Dataset - https://www.kaggle.com/lakshmi25npathi/imdb-dataset-of-50k-movie-reviews

# Problem 1
 Apply all the preprocessing techniques that you think are necessary

In [1]:
import pandas as pd
import numpy as np

In [2]:
# Reading the CSV file and storing the data in a DataFrame 'df'
full_df = pd.read_csv("../archive/IMDB Dataset.csv")
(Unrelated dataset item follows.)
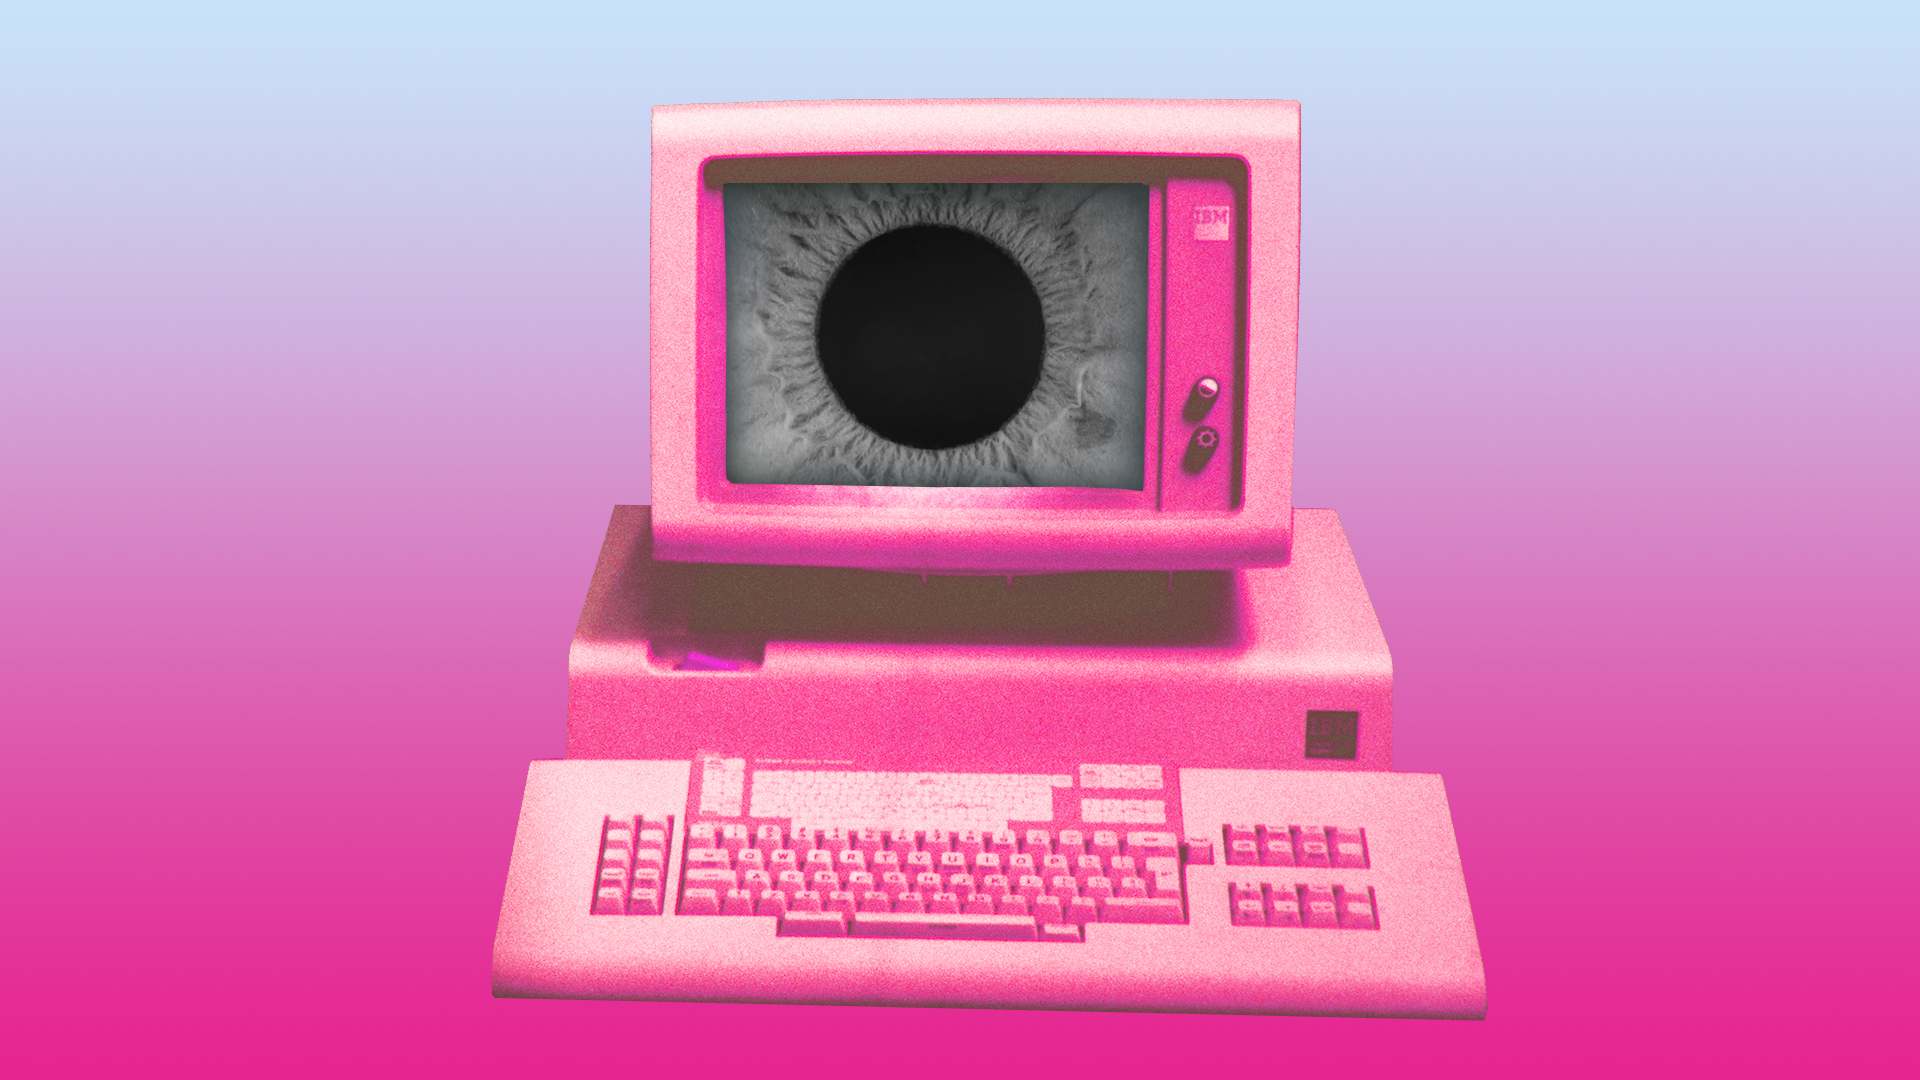 Un vieil IBM PC recoloré en rose avec un œil sinistre sur l'écran.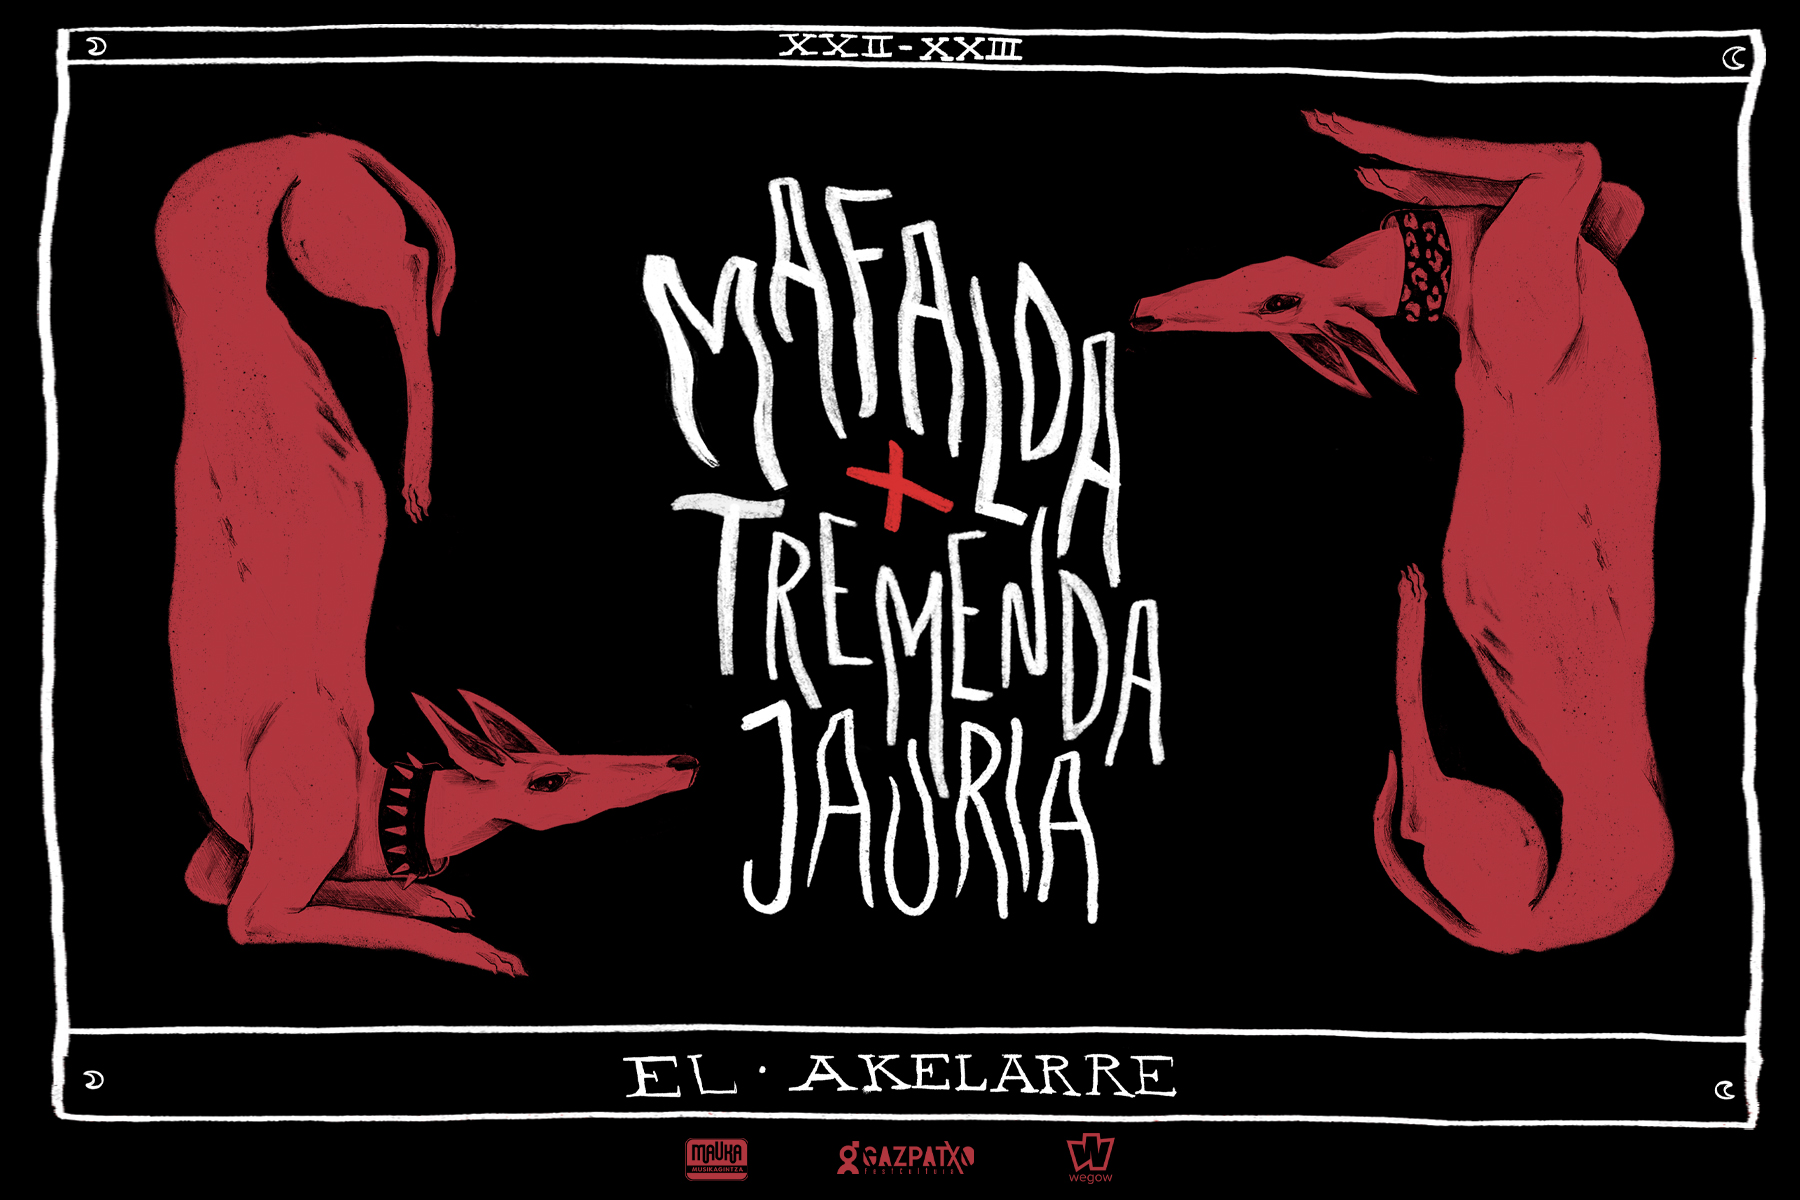 El Akelarre, la gira conjunta de Mafalda y Tremenda Jauría

df = full_df[:1000].copy() # For time saving purpose

In [3]:
df

Unnamed: 0,review,sentiment
0,One of the other reviewers has mentioned that ...,positive
1,A wonderful little production. <br /><br />The...,positive
2,I thought this was a wonderful way to spend ti...,positive
3,Basically there's a family where a little boy ...,negative
4,"Petter Mattei's ""Love in the Time of Money"" is...",positive
...,...,...
995,Nothing is sacred. Just ask Ernie Fosselius. T...,positive
996,I hated it. I hate self-aware pretentious inan...,negative
997,I usually try to be professional and construct...,negative
998,If you like me is going to see this in a film ...,negative


## Lowercasing 

In [4]:
df['review'] = df['review'].str.lower()
df.sample(5)

Unnamed: 0,review,sentiment
615,it starts out like a very serious social comme...,negative
666,this was a fine example of how an interesting ...,positive
176,this movie took me by surprise. the opening cr...,positive
893,a good ol' boy film is almost required to have...,negative
0,one of the other reviewers has mentioned that ...,positive


## Removing HTML tags

In [5]:
import re 
def remove_html_tags(text):
    pattern = re.compile('<.*?>')
    return pattern.sub(r'',text)

In [6]:
df['review'] = df['review'].apply(remove_html_tags)
df.sample(5)

Unnamed: 0,review,sentiment
55,as someone has already mentioned on this board...,negative
147,francis ford coppola wrote and directed this s...,positive
517,is it a perfect movie? no. it is a weird adapt...,positive
422,"first and foremost, i loved the novel by ray b...",negative
838,"very typical almodóvar of the time and, in its...",positive


## Removing URL's 

In [7]:
import re
def remove_url(text):
    pattern = re.compile(r'https?://\S+|www\.\S+')
    return pattern.sub(r'',text)

In [8]:
df['review'] = df['review'].apply(remove_url)
df.sample(5)

Unnamed: 0,review,sentiment
607,"this film is, quite simply, brilliant. the cin...",positive
689,considering this film was released 8 years bef...,positive
287,i saw this movie last night and thought it was...,positive
984,this is a very noir kind of episode. it begins...,positive
5,"probably my all-time favorite movie, a story o...",positive


## Removing Punctuations 

In [9]:
import string
exclude = string.punctuation
def remove_punc1(text):
    return text.translate(str.maketrans('','',exclude))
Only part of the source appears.